El proceso tenía una figura muy simpática: el abogado del Diablo, un escéptico que trataba de descubrir si en verdad la persona era santa, no un psicópata con dotes histriónicas (que los hay, nomás recordemos a Marcial Maciel). Desgraciadamente, el papa Juan Pablo ii abolió al abogado del Diablo en 1983. En su documento Divinus Perfectionis Magister, además concedió poderes a los obispos regionales para hacer propuestas, y en suma, ordenó una simplificación administrativa dentro de la Iglesia que, en mi opinión, puede resultar en la santificación de cualquier malvado.

Pero no es el caso del San Juan del título, quien era un buen hombre y un santo moderno. No fue como el Bautista, el áspero y elocuente profeta primo de Jesús, ni como el evangelista que redactó el Apocalipsis en Patmos. Este Juan y sus poderes fueron más modestos: Juan Bosco, nacido en 1815, fungió como director de una escuela y publicó varios libros para, con las ganancias, dar de comer a niños y jóvenes sin trabajo. Fundó la orden de los Salesianos y anduvo por toda Italia, a veces en un mismo día. Sus milagros tuvieron relación con esta facultad: si alguien lo necesitaba, por ejemplo, en la cocina de la escuela, se aparecía y daba el dinero para comprar doscientos kilos de jitomates mientras –y no me pregunten cómo, porque yo de milagros no sé nada–, resolvía cuestiones urgentes en un hospital en los confines de Turín, la ciudad italiana donde vivió.

El abogado del Diablo que vio su caso no pudo demostrar que carecía del don de la ubicuidad.

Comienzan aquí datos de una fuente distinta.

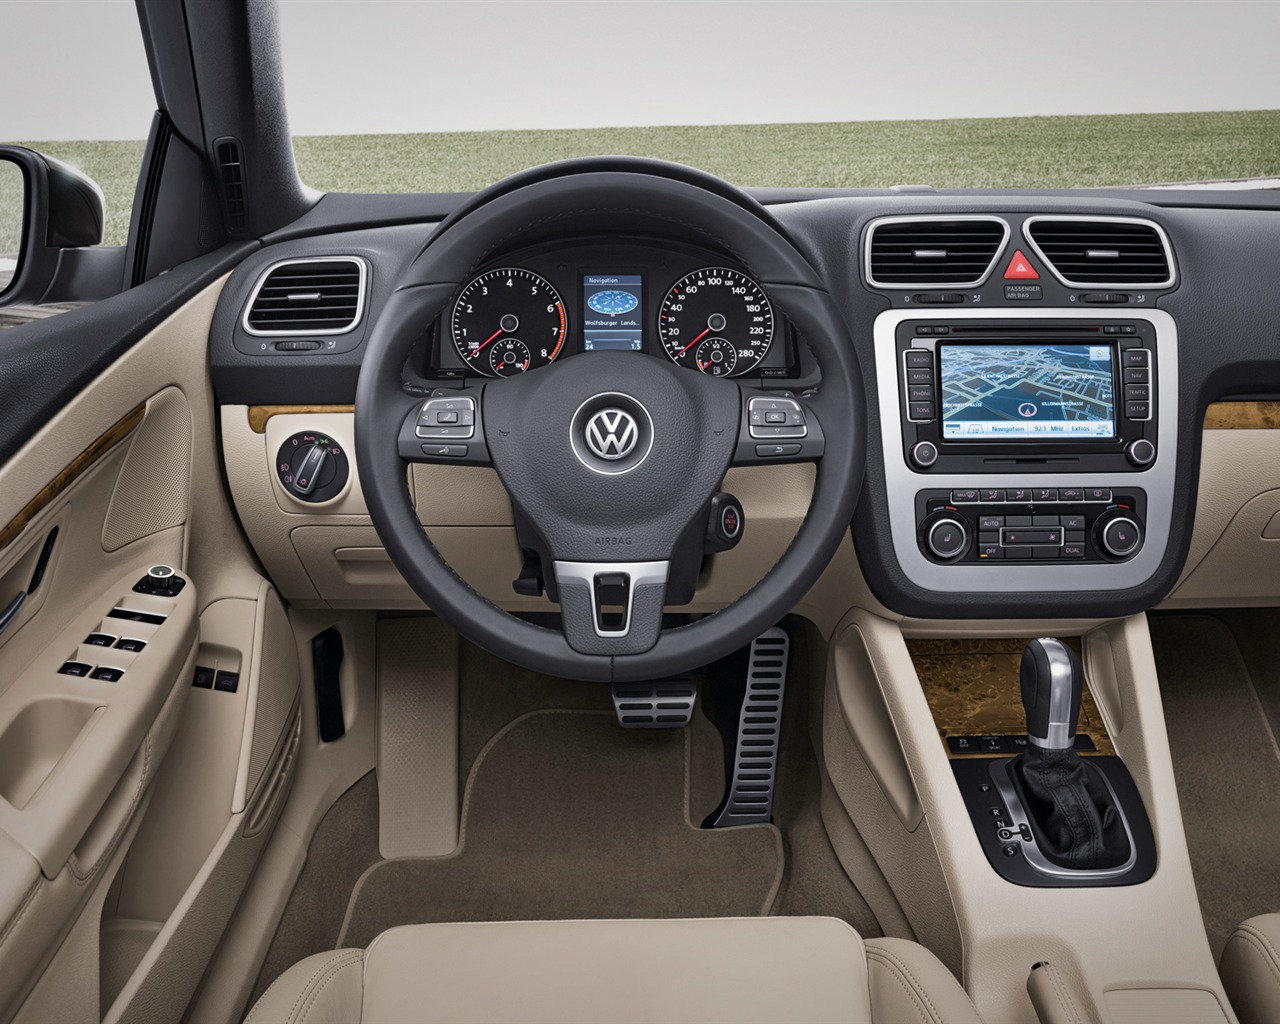 Volkswagen Eos - 2011 大众14 - 1280x1024

Yo quisiera proponerlo como santo patrono de los que no pueden separarse de su celular. Esas personas aprecian la ubicuidad. Se nota su afán de estar en varios lugares al mismo tiempo: hablan mientras comen –y obligan a quienes están con ellos en la mesa o el restaurante a participar de sus asuntos–; conversan y manejan el coche; platican en la fila del banco aunque esté prohibido, y conferencian con quien sea mientras están en el baño. No están solos jamás y sólo se callan cuando mandan mensajes.

Estos entusiastas se enojan cuando los otros apagan el celular aunque sea para dormir la siesta o contarle un sueño al analista; hacen llamadas de país a país –y superan a San Juan, que creo era más bien regional–; toman fotos con el teléfono allí donde se prohiben las cámaras y en sus aparatos reciben recetas de cocina o consejos matrimoniales. No sé cómo le hubieran hecho en los albores del siglo xx, cuando el teléfono era una rareza. Se hubieran sentido solos y, literalmente, desconectados de la vida.

Parafraseando el anuncio, todo el mundo es su territorio. No hay área de su vida ni de la ajena que deba mantenerse libre del timbrazo telefónico. Quien no tiene celular es, para ellos, un desdichado.

San Juan Bosco era, ante todo, un educador. A lo mejor si fuera santo patrono de los adictos al celular, sus facultades ayudarían a sus devotos a despegarse el teléfono de la oreja.

Para algunos, sobre todo adolescentes, un verdadero milagro.